24. Secret Management
Problem
- Credentials, API keys, and other secrets must be stored securely, not hardcoded or committed to version control.
- Rotating secrets without downtime is often challenging if they’re embedded across multiple services.
Solution Approaches
- Vaults (e.g., HashiCorp Vault): Central secure storage and dynamic secret generation (short-lived tokens).
- Kubernetes Secrets: Encrypted at rest; can be combined with external KMS for better security.
- Parameter Stores (AWS SSM Parameter Store, Azure Key Vault): Centralize configurations and secrets, enforce access policies.
25. Offline-First Applications
Problem
- Mobile or remote clients may lose connectivity. If the app fully depends on a live server, it becomes unusable offline.
- Sync conflicts when connectivity is restored can cause inconsistent data if not managed properly.
Solution Approaches
- Local Storage & Caching: Save user data locally (IndexedDB, SQLite) so the app can function offline.
- Conflict Resolution: Use versioning or last-write-wins; for more complex scenarios, implement merges or user prompts for conflicts.
- Background Sync: Upload changes and fetch updates once the device is back online, ideally in a seamless, queue-based approach.
26. Data Warehouse vs. Data Lake
Problem
- Large volumes of data from various sources need to be stored, processed, and analyzed. Traditional relational DBs become either too expensive or too rigid.

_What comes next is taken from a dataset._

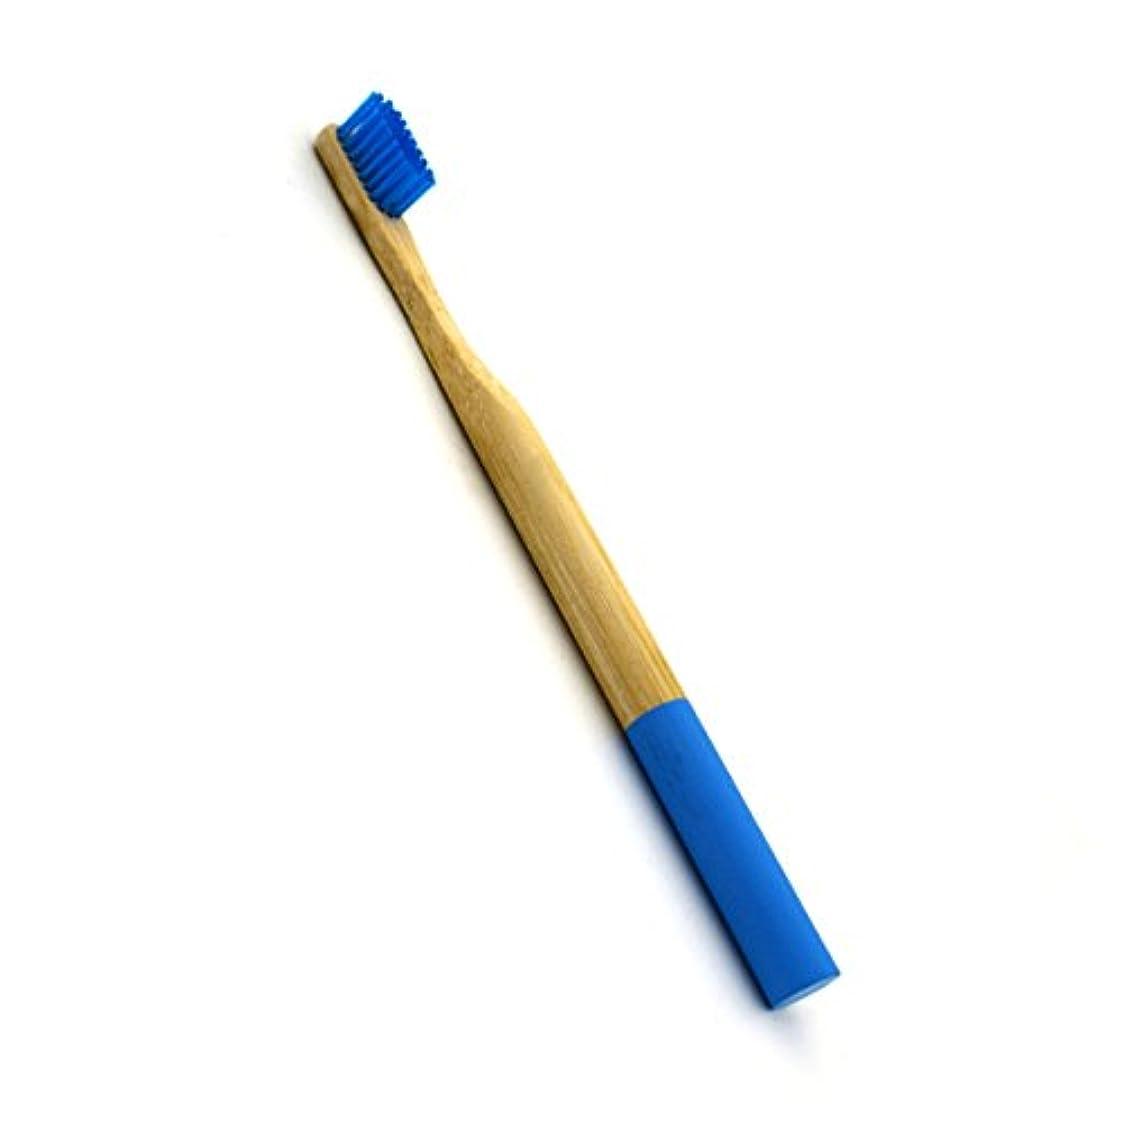 バック価値放出ROSENICE 竹歯ブラシラウンドハンドル自然な竹成人環境にやさしいソフトブリストル旅行歯ブラシ

- There’s a tradeoff between structured data (easy queries, predefined schema) and raw/unstructured data (flexibility).
Solution Approaches
- Data Warehouse (e.g., Snowflake, BigQuery, Redshift): Structured schema, optimized for fast analytics; best for well-defined use cases.
- Data Lake (e.g., Hadoop, S3-based lakes): Store raw data cheaply; schema-on-read approach. Flexible for data science exploration and machine learning.
- Hybrid “Lakehouse”: Combines cheap storage of a lake with warehousing capabilities (e.g., Databricks Delta Lake).
27. Streaming Data Pipelines
Problem
- High-volume event streams need near real-time processing (e.g., analytics, fraud detection, log aggregation).
- Batch processing (e.g., nightly jobs) can be too slow for real-time insights.
Solution Approaches
- Message Brokers (Kafka, Pulsar): Durable, high-throughput event pipelines; consumers can process data on the fly.
- Stream Processing Frameworks (Spark Streaming, Flink): Windowing, aggregations, and stateful computations at scale.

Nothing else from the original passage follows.